Nature Communications ( IF 14.7 ) Pub Date : 2023-12-06 , DOI: 10.1038/s41467-023-43718-w Edin Muratspahić 1, 2 , Kristine Deibler 2, 3 , Jianming Han 4 , Nataša Tomašević 1 , Kirtikumar B Jadhav 5 , Aina-Leonor Olivé-Marti 6 , Nadine Hochrainer 6 , Roland Hellinger 1 , Johannes Koehbach 7, 8 , Jonathan F Fay 9 , Mohammad Homaidur Rahman 10 , Lamees Hegazy 10 , Timothy W Craven 2 , Balazs R Varga 4, 11 , Gaurav Bhardwaj 2 , Kevin Appourchaux 4, 11 , Susruta Majumdar 4, 11 , Markus Muttenthaler 5, 12 , Parisa Hosseinzadeh 13 , David J Craik 7 , Mariana Spetea 6 , Tao Che 4, 11 , David Baker 2, 14, 15 , Christian W Gruber 1
Despite the increasing number of GPCR structures and recent advances in peptide design, the development of efficient technologies allowing rational design of high-affinity peptide ligands for single GPCRs remains an unmet challenge.
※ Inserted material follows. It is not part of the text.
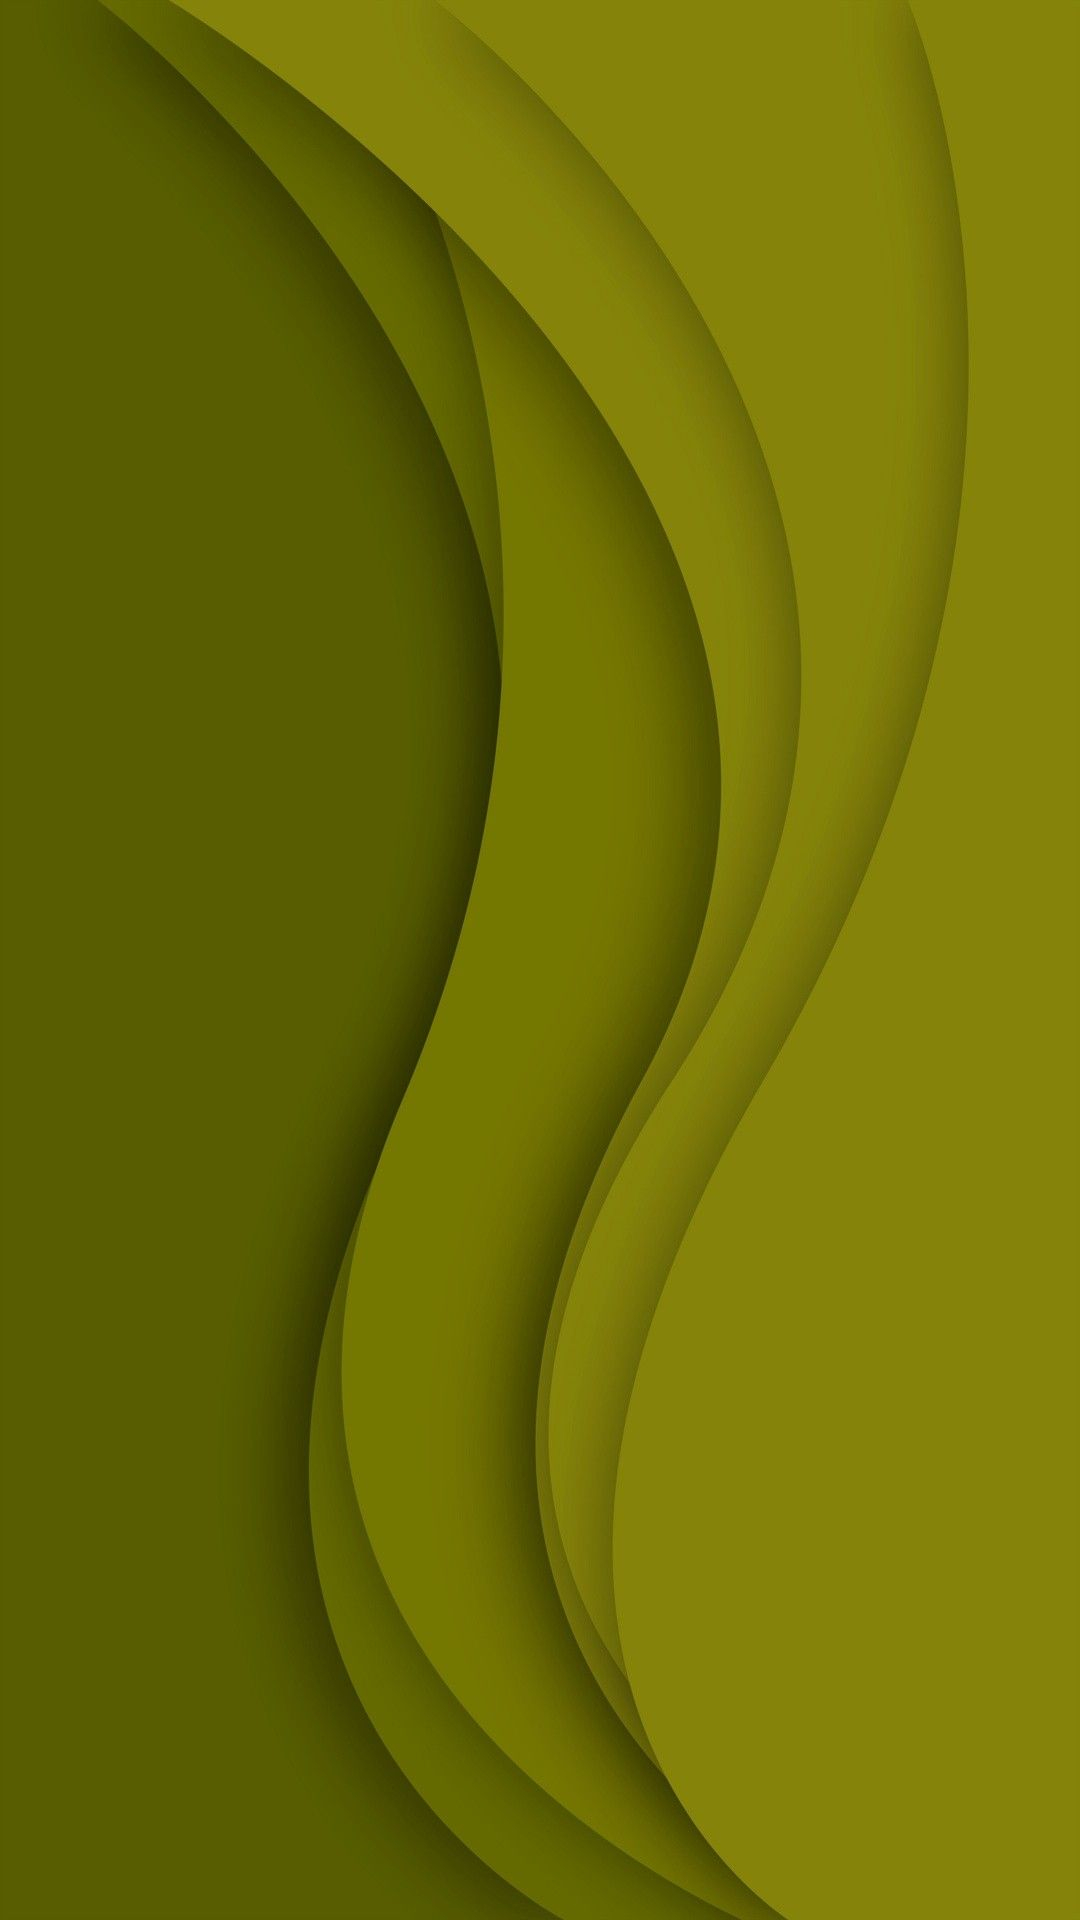 1080x1920 Minimal Mustard | Art wallpaper iphone, Phone wallpaper design, Galaxy phone wallpaper

Here, we develop a computational approach for designing conjugates of lariat-shaped macrocyclized peptides and a small molecule opioid ligand. We demonstrate its feasibility by discovering chemical scaffolds for the kappa-opioid receptor (KOR) with desired pharmacological activities. The designed De Novo Cyclic Peptide (DNCP)-β-naloxamine (NalA) exhibit in vitro potent mixed KOR agonism/mu-opioid receptor (MOR) antagonism, nanomolar binding affinity, selectivity, and efficacy bias at KOR. Proof-of-concept in vivo efficacy studies demonstrate that DNCP-β-NalA(1) induces a potent KOR-mediated antinociception in male mice. The high-resolution cryo-EM structure (2.6 Å) of the DNCP-β-NalA–KOR–Gi1 complex and molecular dynamics simulations are harnessed to validate the computational design model. This reveals a network of residues in ECL2/3 and TM6/7 controlling the intrinsic efficacy of KOR. In general, our computational de novo platform overcomes extensive lead optimization encountered in ultra-large library docking and virtual small molecule screening campaigns and offers innovation for GPCR ligand discovery. This may drive the development of next-generation therapeutics for medical applications such as pain conditions.
中文翻译:
kappa-阿片受体肽-药物缀合物配体的设计和结构验证
尽管 GPCR 结构的数量不断增加,并且肽设计方面取得了最新进展,但开发有效的技术来合理设计单个 GPCR 的高亲和力肽配体仍然是一个未解决的挑战。在这里,我们开发了一种计算方法来设计套索形大环化肽和小分子阿片类配体的缀合物。我们通过发现具有所需药理活性的κ阿片受体(KOR)的化学支架来证明其可行性。设计的从头环肽 (DNCP)-β-纳洛胺 (NalA) 在体外表现出有效的混合 KOR 激动/μ-阿片受体 (MOR) 拮抗作用、纳摩尔级结合亲和力、选择性和 KOR 功效偏差。体内功效概念验证研究表明,DNCP-β-NalA(1) 可在雄性小鼠中诱导有效的 KOR 介导的镇痛作用。利用 DNCP-β-NalA-KOR-Gi1 复合物的高分辨率冷冻电镜结构 (2.6 Å) 和分子动力学模拟来验证计算设计模型。这揭示了 ECL2/3 和 TM6/7 中控制 KOR 内在功效的残基网络。总的来说,我们的计算从头平台克服了超大型文库对接和虚拟小分子筛选活动中遇到的广泛先导优化,并为 GPCR 配体发现提供了创新。这可能会推动用于疼痛等医疗应用的下一代疗法的开发。